Ils sont venus de l’autre côté de l’océan avec des papiers rédigés par des bergers tremblants et des fusils qui crachaient le tonnerre dans les forêts.
Ils sont venus parler de salut, tout en apportant le feu et l’acier. Leur dieu exigeait l’obéissance, l’or et la mort. C’était un dieu de conquête, pas de vie.
Ils parlaient de choses qu’ils ne connaissaient pas. Ils prétendaient comprendre les cieux alors qu’ils n’avaient jamais foulé la terre.
Ils revendiquaient la domination sur l’esprit tout en étant sourds à la voix du vent, aveugles aux conseils des rivières et sourds aux rêves du feu. Ils se disaient civilisés, mais laissaient la ruine partout où ils passaient.
Nos chamans, en revanche, marchaient avec les dieux des forêts. Ils parlaient avec les serpents enroulés dans les racines, avec les aigles tournoyant dans les hauteurs, avec les flammes qui rêvaient sous le sol.
Ils communiaient avec les rivières, dont les eaux portent en elles une mémoire plus ancienne que la pierre, et avec les montagnes, dont le silence enseigne la patience des siècles.
Ils marchaient dans la compréhension, et chaque pas était une conversation avec l’invisible, chaque souffle un pont entre les mondes.
Les envahisseurs ne pouvaient pas parler aux oiseaux, ni entendre les conseils des fourmis. Ils qualifiaient nos coutumes d’analphabètes, nos connaissances de primitives, mais ils ne pouvaient pas lire le langage écrit dans les nuages, les motifs gravés dans l’écorce ou le rythme des saisons.
Là où ils voyaient un arbre, nous voyions un enseignant. Là où ils voyaient une rivière, nous voyions un témoin. Là où ils voyaient un champ, nous voyions le pouls de la vie elle-même.
Ils ont déchiré la terre comme on déchire un tissu, vendu ses veines contre de l’argent, coupé ses os pour en faire du bois, et ont appelé cela le progrès. Ils ont enfermé la terre dans des clôtures, versé du poison dans ses eaux et asservi ses animaux.
Ils ne pouvaient pas comprendre que la domination sur la vie est toujours une illusion, que le monde ne se plie qu’à ceux qui écoutent, et non à ceux qui prennent.
Ils attendent un Messie qui ne viendra jamais. Il en est venu un autrefois, quand Tartaria couronnait le monde d’un ordre radieux, quand les hommes et les esprits parlaient d’une seule voix.
Ils ont enterré son souvenir sous leurs églises, leurs traités et leurs empires.
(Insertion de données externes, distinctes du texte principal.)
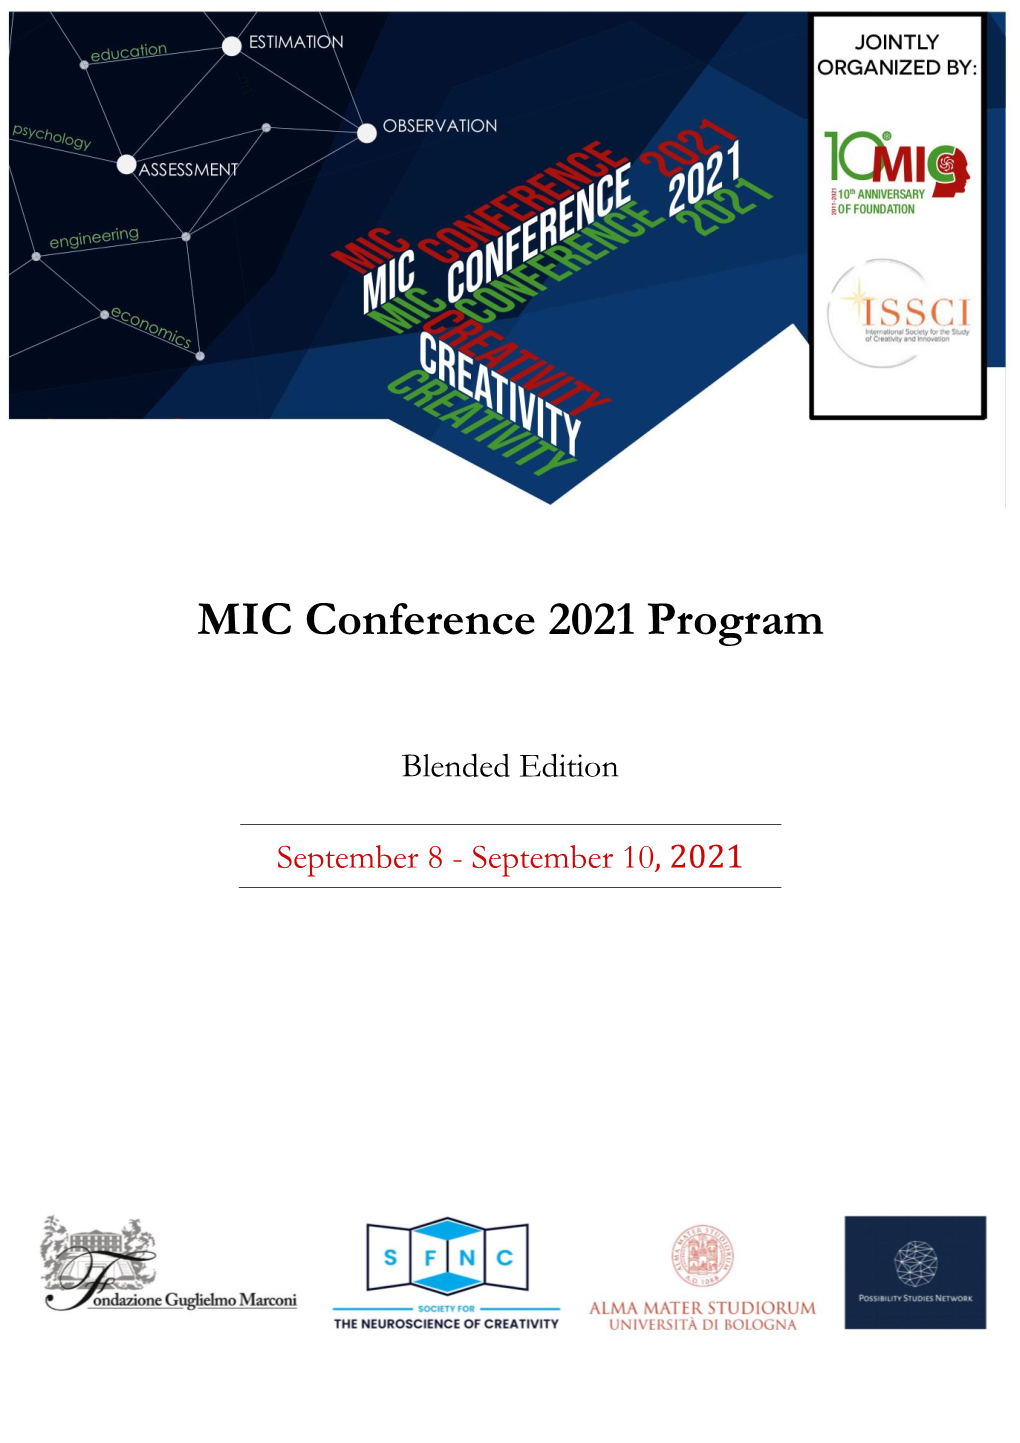 MIC Conference 2021 Program

Ils ont bâti leur pouvoir sur les ruines de son silence.
Le nouveau Messie ne surgira pas de leur monde. Il viendra d’au-delà de leur champ de vision, des lieux qu’ils ont souillés et oubliés. Il ne parlera pas leur langue, ni ne bénira leurs empires.
Sa loi sera écrite dans le vent, les rivières et le feu. Sa voix roulera à travers les montagnes, secouera les os des morts et illuminera ce qu’ils ont enfoui dans l’ombre.
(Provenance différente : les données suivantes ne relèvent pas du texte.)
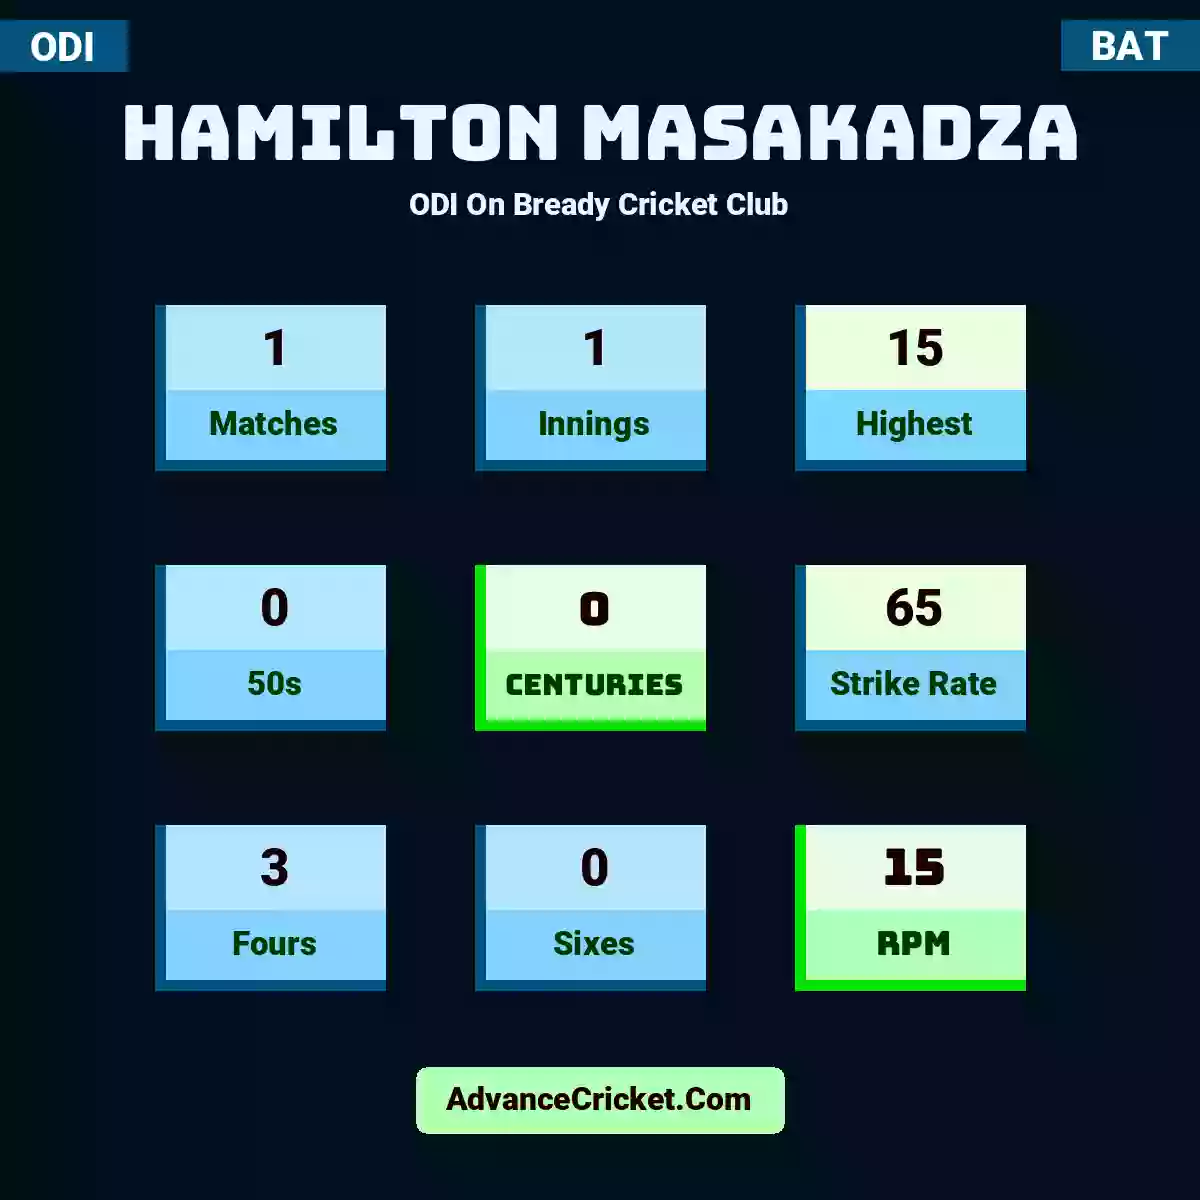 Hamilton Masakadza ODI  On Bready Cricket Club, Hamilton Masakadza played 1 matches, scored 15 runs as highest, 0 half-centuries, and 0 centuries, with a strike rate of 65. H.Masakadza hit 3 fours and 0 sixes, with an RPM of 15.

Quand il viendra, leurs villes s’effondreront comme si elles étaient faites de sable. Leurs temples se briseront comme de la pierre creuse. Leurs machines se tairont et les forêts parleront à nouveau.
Les rivières renverseront leurs ponts, les montagnes reprendront possession de leurs mines et l’aigle tournera au-dessus d’elles, surveillant un monde qui n’est plus contraint par l’arrogance humaine.
Ce document en est le témoin. Il témoigne que la terre se souvient, que les esprits perdurent et que ce qui a été volé n’est jamais vraiment perdu.
Il témoigne que le Grand Esprit se déplace à travers le monde vivant et que la promesse de renouveau n’est pas pour ceux qui obéissent au faux dieu, mais pour ceux qui ont écouté, pour ceux qui ont marché avec la vie et pour ceux qui reconnaîtront la venue de ce qui ne peut être contenu.